# Anyone know JunOS ? uboot & loader ?



## mikey777 (Jul 25, 2020)

Hello
As JunOS is based on FreeBSD I'm suspecting that there are folks here who know both, partly because this is a low-level (firmware) issue.
I have 2 EX4200's. 4200-1 & 4200-2 let's say. Each has 2 slices. When I bought ex4200-1 they said it had 15.x on it - it had 10.x instead on both slices. EX4200-2 came with 15.x which is what I needed for BGP route validation among other things.
The 1st sellor sent me a jinstall for 15.x so I used it on ex4200-1 slice2 and of course it didn't work as uboot has to be upgraded.
So the 1st sellor sent me jloader for 12.x and I tried it (2x) but it still won't boot from the new 15.x slice (disk0s1) as it says it can't find the kernal.
Instead I have to set currdev=disk0s1: and then boot & it will boot to the old slice with 10.x - but I need to get 15.x running.
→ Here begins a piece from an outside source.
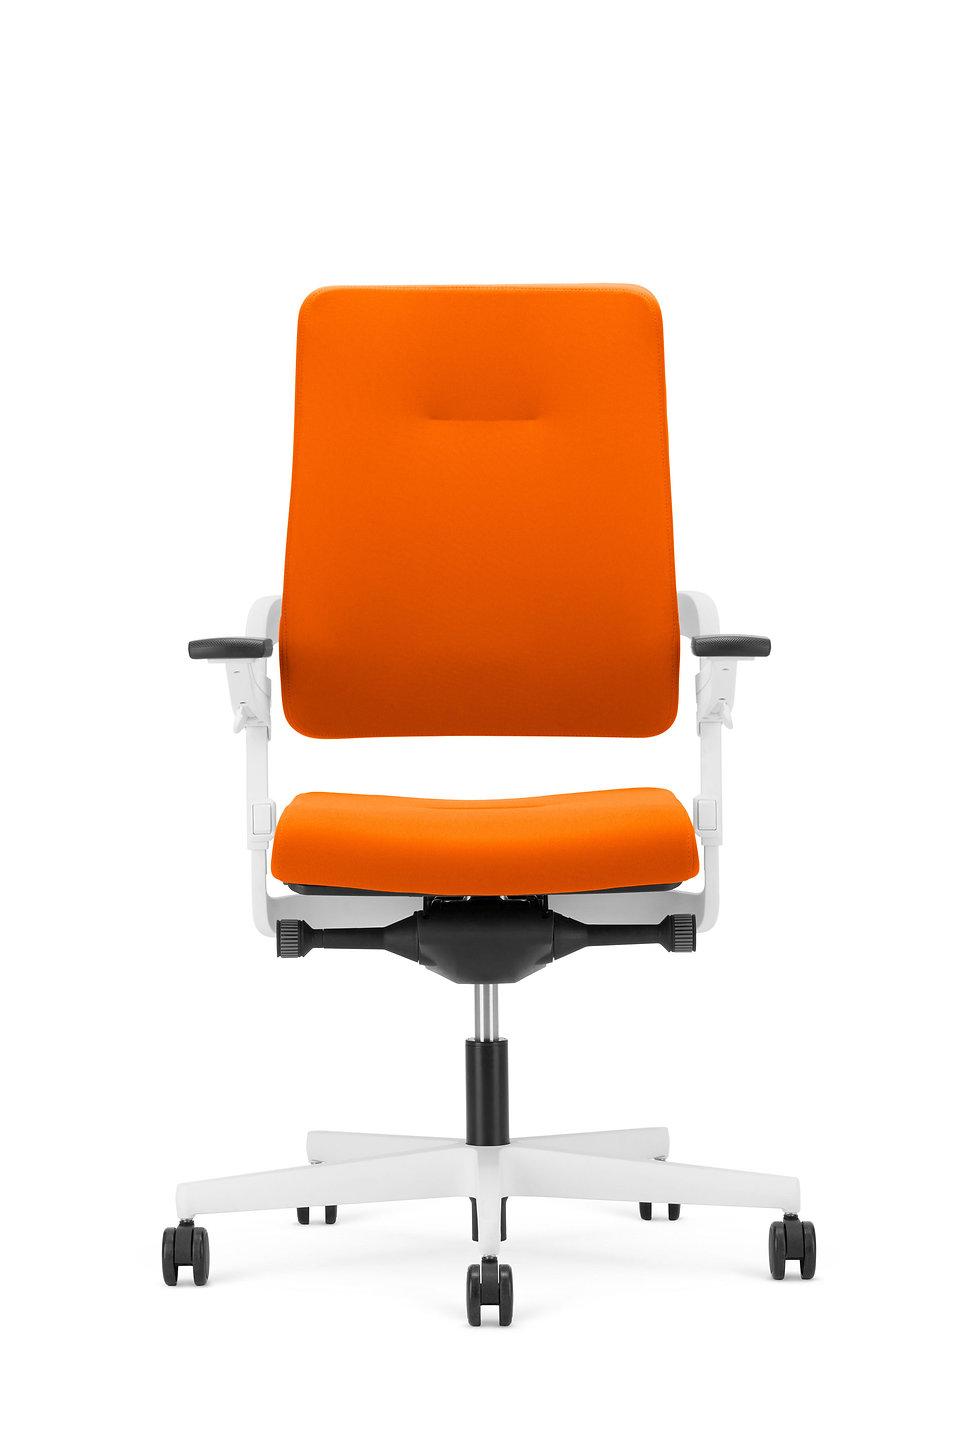 Xilium_Classic_Ergonomic_office_chair.jpg

1 - can I copy uboot from 4200-2 to 4200-1 ?
2 - is uboot on eeprom ? does this mean that the jloader upgrade writes to the eeprom ?
3 - what can be wrong with my jloader file ? so I need a later one ? seems like 12.x would have the newer uboot.

Thx


----------



## drhowarddrfine (Jul 25, 2020)

I think this still comes under the "technical discussion of other operating systems rule" which states you cannot discuss such things here.
https://forums.freebsd.org/threads/freebsd-forums-rules.38922/


----------



## aragats (Jul 25, 2020)

There is a pretty fresh article on their web site with useful information.
By the way, they still have releases based on FreeBSD 6.1! That's another point of "unsupported versions" discussions in addition to one mentioned by drhowarddrfine .
Why don't you start from scratch by downloading and installing their releases first?


----------



## mikey777 (Jul 26, 2020)

Sorry if this did not belong here. As I said it seems since JunOS is based on FreeBSD...


----------



## aragats (Jul 27, 2020)

mikey777 said:


> since JunOS is based on FreeBSD


Yes, but there are many variables (besides the forum's rules). U-boot by itself is pretty tricky, especially when used for FreeBSD. If you search for "u-boot" here, you'll find it's not straight forward even with officially supported systems/releases etc. As I already mentioned above, I'd start from their official images (or whatever they provide).


----------



## SirDice (Jul 27, 2020)

mikey777 said:


> As I said it seems since JunOS is based on FreeBSD...


Do you regularly take a Ford car to Chevrolet garage for example to get it fixed? It's a car, right? They're all based on the same type of engine. No, of course you don't. Same here.


----------